A lei tem origem no PL 2.119/2019, do deputado Pompeo de Mattos (PDT-RS). O projeto foi aprovado pelo Senado, com mudanças, em 2023 e voltou à Câmara. Em junho, foi aprovado pelos deputados e seguiu para a sanção.

Para concorrer ao título, a cidade precisa demonstrar que tem programas ou políticas públicas que fomentem a inserção social, cultural e política dos idosos.

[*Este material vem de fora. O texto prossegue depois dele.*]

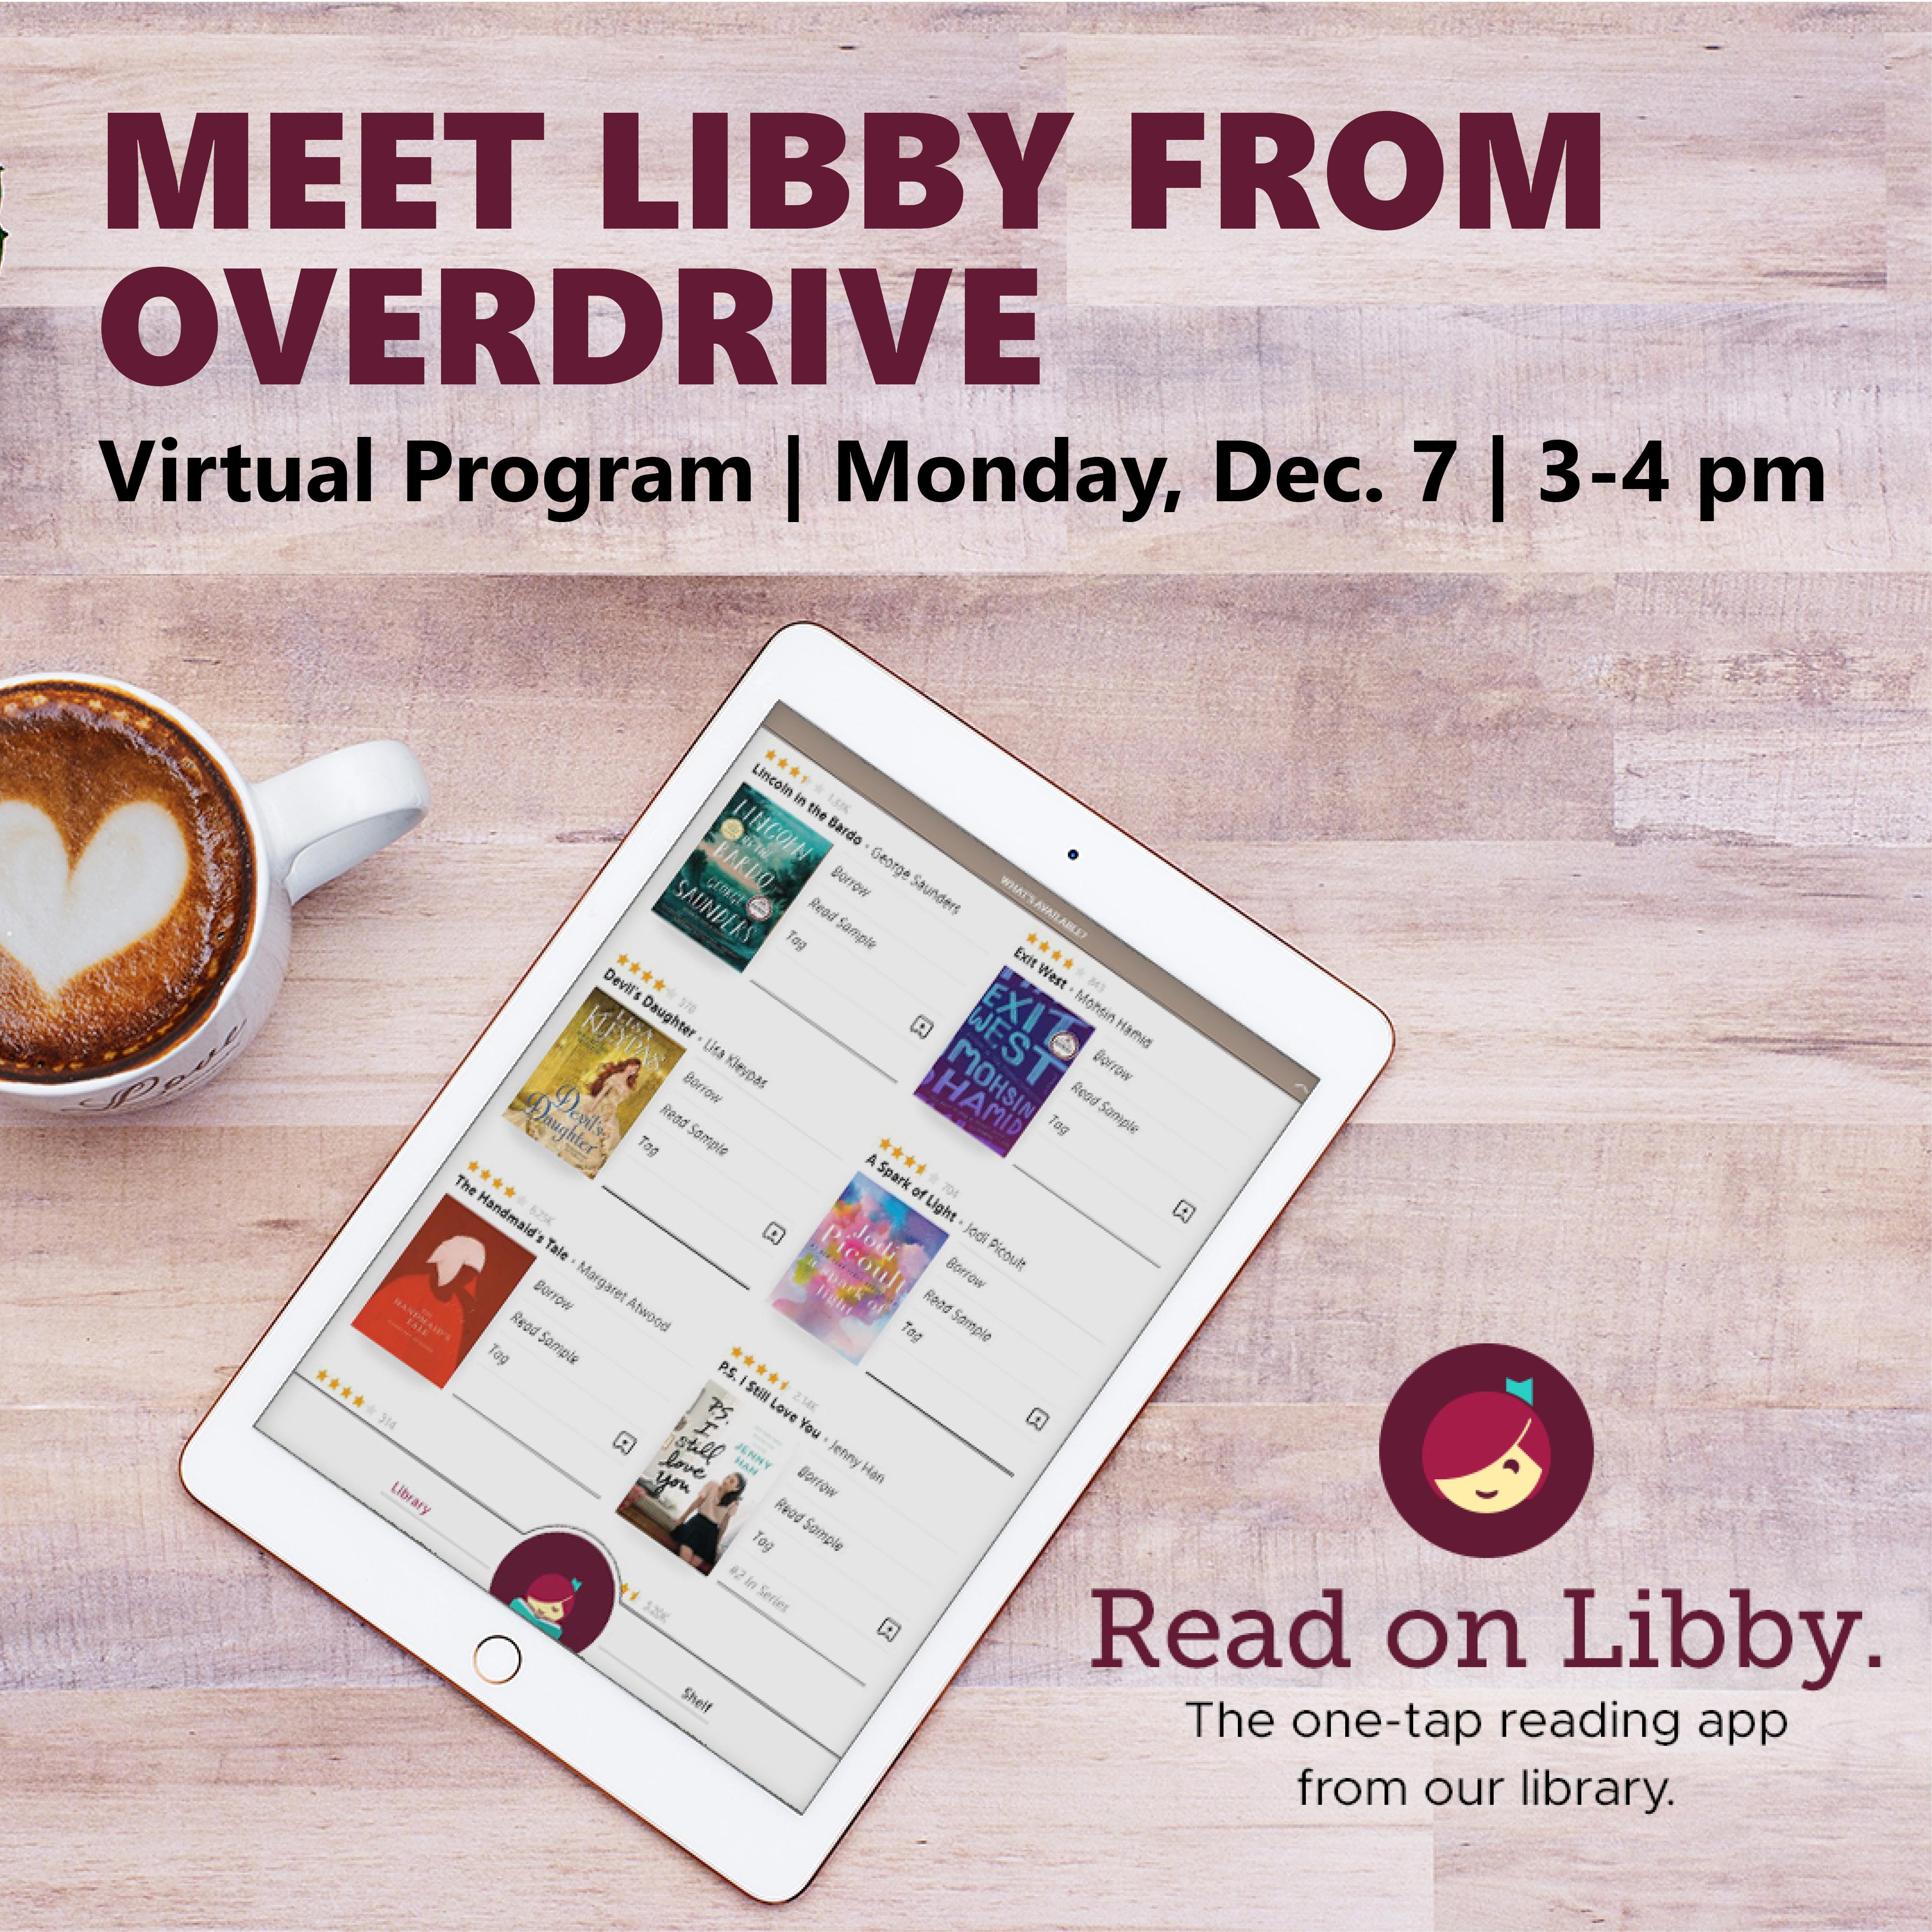 Meet Libby from OverDrive - Online Program

Na análise, são consideradas as iniciativas do município que favoreçam um envelhecimento ativo da população e o acesso dos idosos a serviços de qualidade nas áreas de:

  • transporte;
  • moradia;
  • participação social;
  • respeito e inclusão social;
  • participação cívica e emprego;
  • prédios públicos e espaços abertos;
  • comunicação e informação;
  • apoio comunitário e serviços de saúde;
  • segurança dos idosos.

Conselho

O responsável por conceder o título será um conselho com representantes dos governos federal, estaduais, distrital e municipais e das entidades representativas da população idosa. O título valerá por três anos, desde que sejam revalidados os compromissos assumidos. Se for comprovado o descumprimento, o título será cancelado.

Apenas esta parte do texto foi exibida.